Il est demandé, dans le contexte actuel, un rôle de plus en plus pédagogique
à l'ensemble des acteurs de l'Université. Cela est vrai, notamment pour les
bibliothécaires qui, plus encore qu'auparavant, doivent être agrégés aux équipes
enseignantes et intégrés aux réalités pédagogiques, qu'il s'agisse de nouvelles
technologies ou de supports plus traditionnels.

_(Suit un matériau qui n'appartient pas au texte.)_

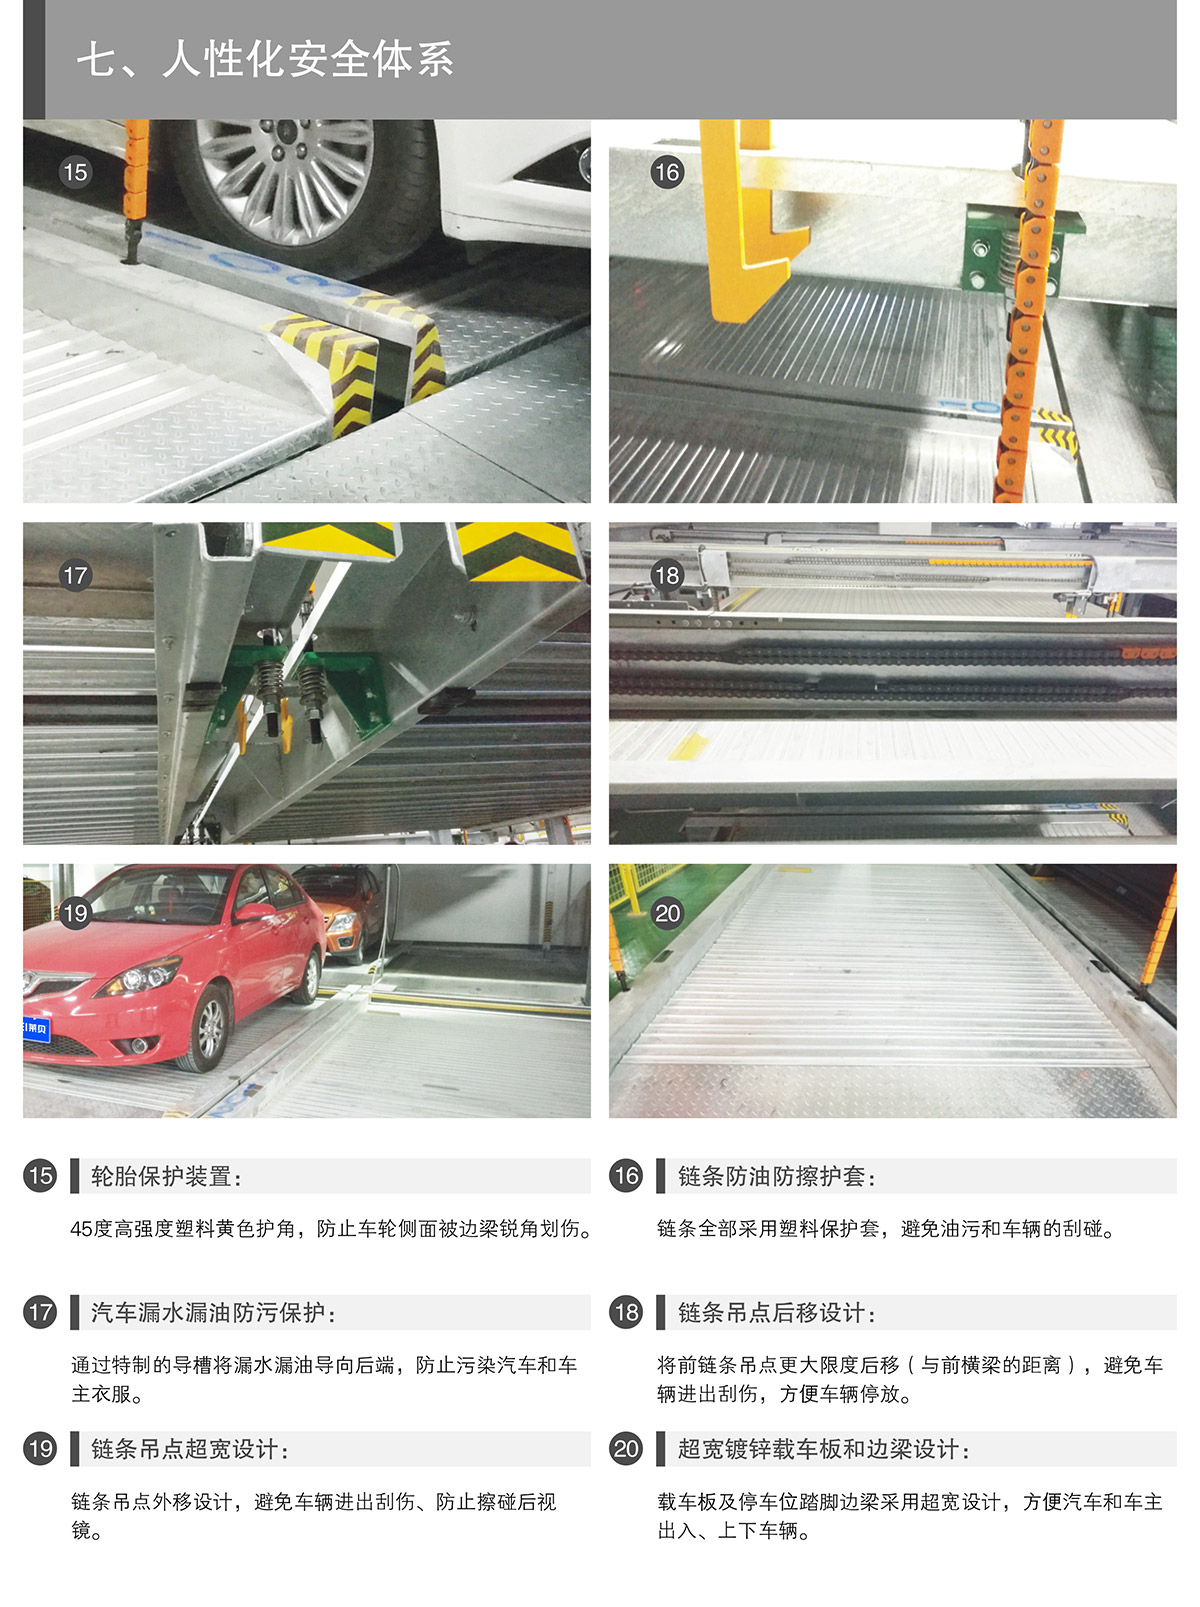 四川PSH2二层升降横移立体停车设备人性化安全体系.jpg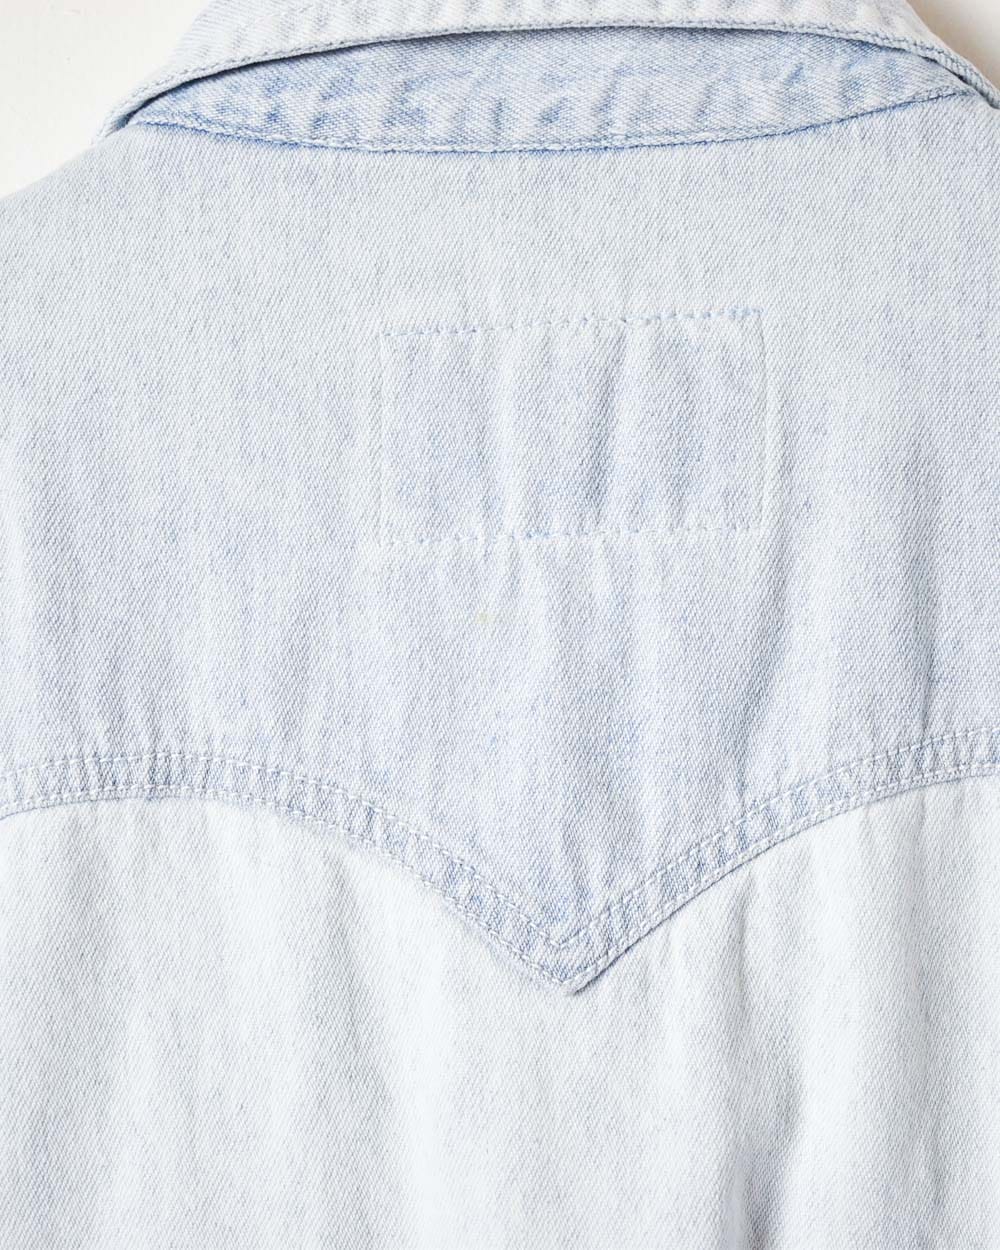 BabyBlue Levi's 80s Denim Shirt - Medium

Car pour amener nos étudiants à une lecture de textes "en ligne", sur
cédéroms ou dans des livres, et surtout pour les amener "de la lecture à la
littérature", il est nécessaire, selon Jean-Philippe ARROU-VIGNOD, de mettre en
place des stratégies. Selon lui "il y a des livres qui conduisent aux livres, d'autres
qui nous ouvrent le monde. On commence par les premiers. Le plaisir qu'ils nous
offrent est sans égal. Puis de livre en livre, presque sans le savoir, on découvre
bientôt qu'on a grandi. Du bonheur de la répétition, voilà que l'on s'échappe
soudain vers un autre bonheur : celui d'univers singuliers, forts de leur différence et
riches de leur propre liberté. On est passé de la lecture à la littérature" (JeanPhilippe ARROU-VIGNOD : De la lecture à la littérature).
Nous souhaitons bien évidemment que ce Prix du Premier Roman de
l'Université d'Artois perdure et, en synergie avec les enseignants et les étudiants
volontaires, contribue à cette évolution.